Obama, who in the 2008 campaign said “we must end the age of oil,” has drawn his own stark line. On March 29, with Congress set to vote on industry tax breaks, he said: “Today, members of Congress have a simple choice to make: They can stand with big oil companies, or they can stand with the American people.” The vote failed in the Senate.
For a brief moment in March 2010, it looked as though Obama’s effort to find a middle ground on energy policy might succeed. He unveiled a five-year lease plan that included expanded offshore drilling. Gerard called it a “positive development.” Three weeks later, when a BP exploration well exploded, killing 11 workers and uncorking a massive oil spill in the Gulf of Mexico, the administration backed away and declared a six-month drilling moratorium. Gerard went back on the offensive.
Interior Secretary Ken Salazar has been a special target because he oversees leases and drilling on federal lands, both onshore in the Rocky Mountain states and offshore on the Outer Continental Shelf. After the oil spill, Salazar angered oil execs by saying he wanted to “keep our boot on their neck” until BP cleaned up.
Gerard lambasted the drilling slowdown as the administration struggled to address the environmental disaster and overhaul of the discredited regulatory agency before ramping up drilling again.
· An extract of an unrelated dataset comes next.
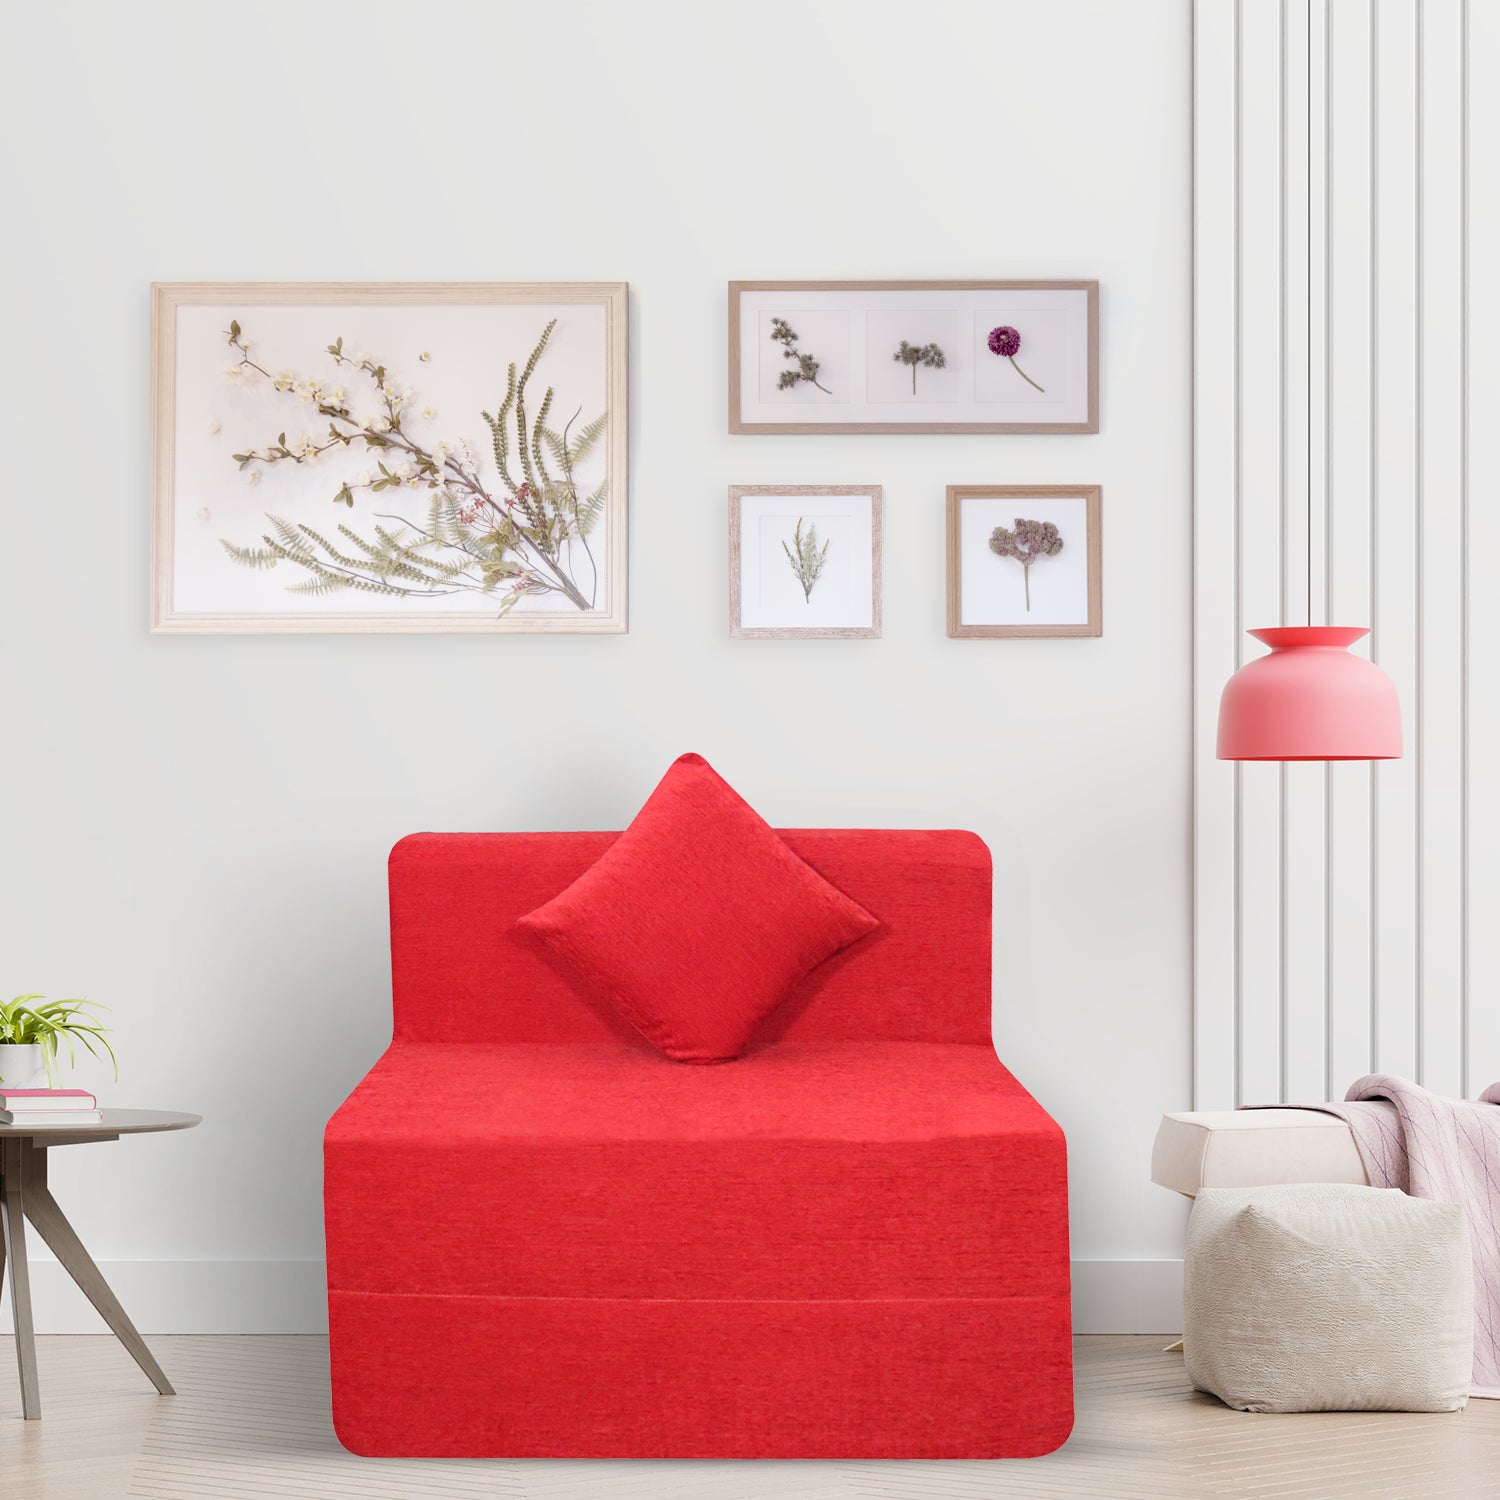 Red Molfino Fabric 6×2.5 Sofa cum Bed with 1 Cushion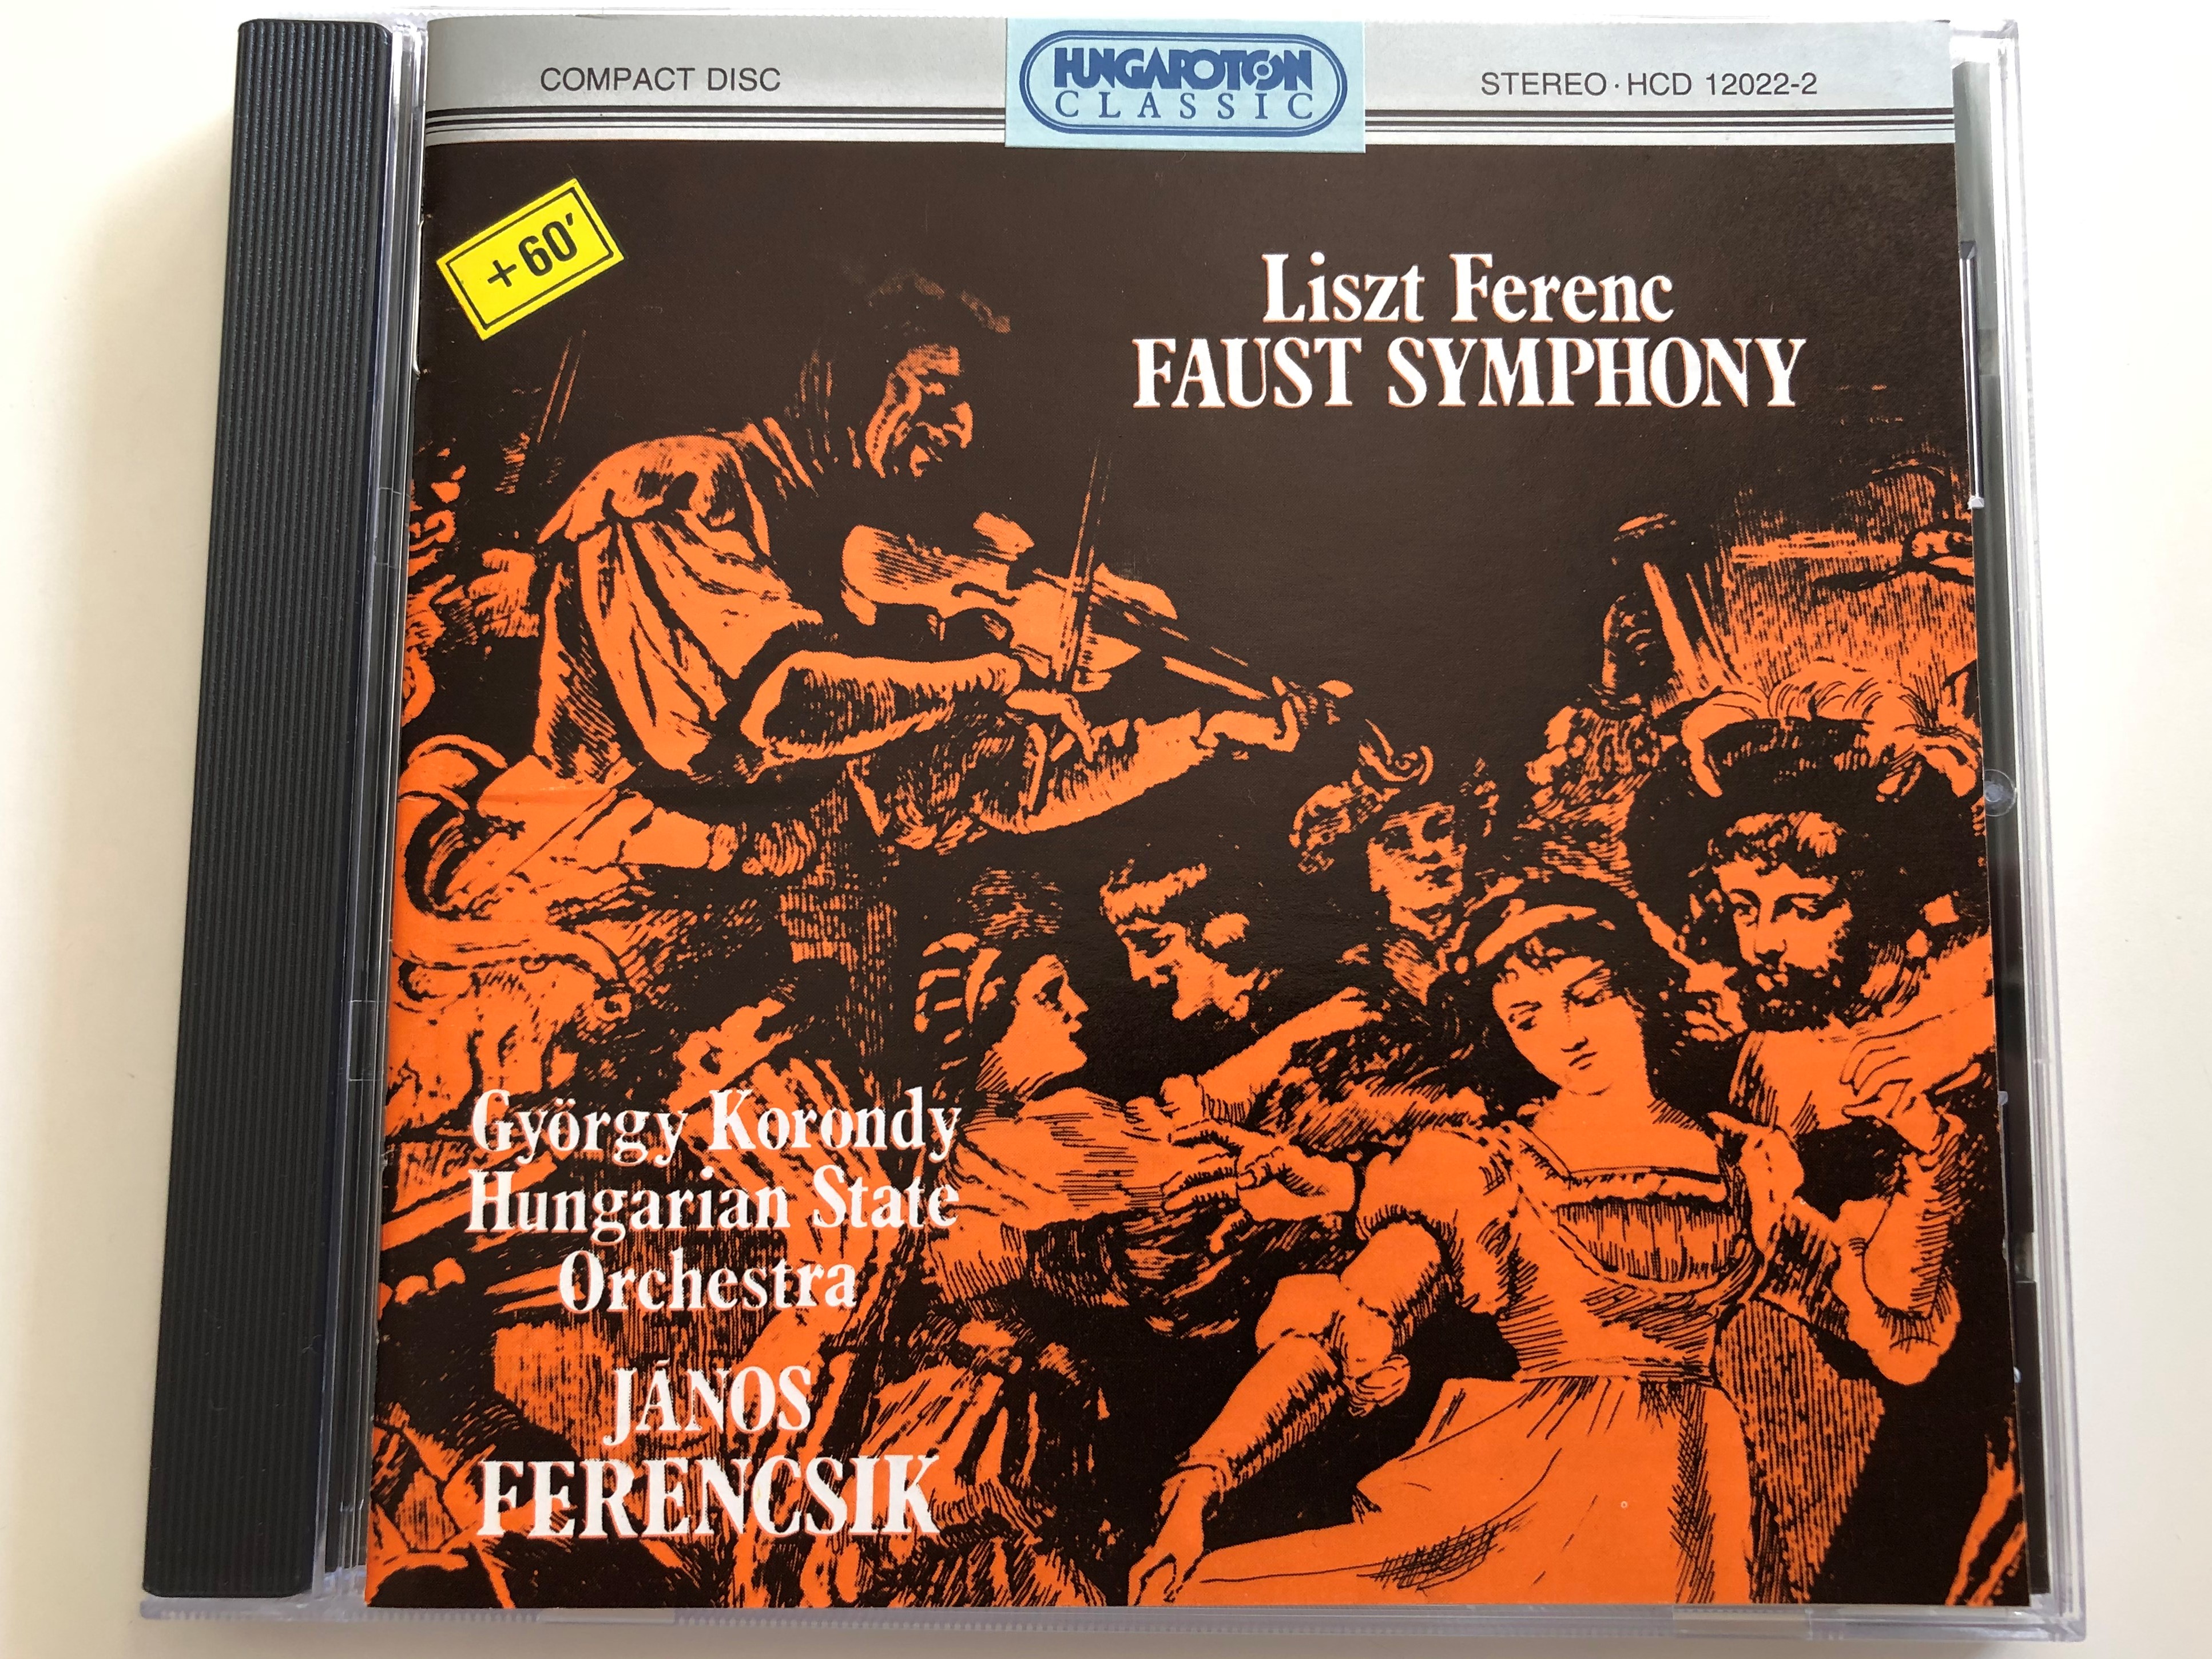 liszt-ferenc-faust-symphony-gyorgy-korondy-hungarian-state-orchestra-janos-ferencsik-hungaroton-classic-audio-cd-1994-stereo-hcd-12022-2-1-.jpg

The Interior Department fired back: “API’s Gerard Makes Inaccurate Statements on Federal Oil and Gas Development,” it said in a “reality check” noting high levels of drilling and production on federal lands. Even after deep-water drilling returned to pre-spill levels, Gerard kept hammering Obama on the issue.
Is confrontation the best strategy? Not every trade association thinks so.
“Our association tries to avoid combat and hope the logic of our positions prevail,” said Thomas F. Farrell, chief of Dominion Power and chairman of the utility industry’s Edison Electric Institute.
A former API board member said “for my taste the whole organization is far too aggressive.”
“A trade organization should not adopt party loyalty,” said Fadel Gheit, an oil analyst with Oppenheimer & Co. “It should be much more constructive instead of just blaming the president.” According to Open Secrets, 70 percent of campaign contributions from API’s political action committee (started by Gerard and funded by employees) go to Republicans. Roughly 90 percent of oil company PAC contributions go to Republicans.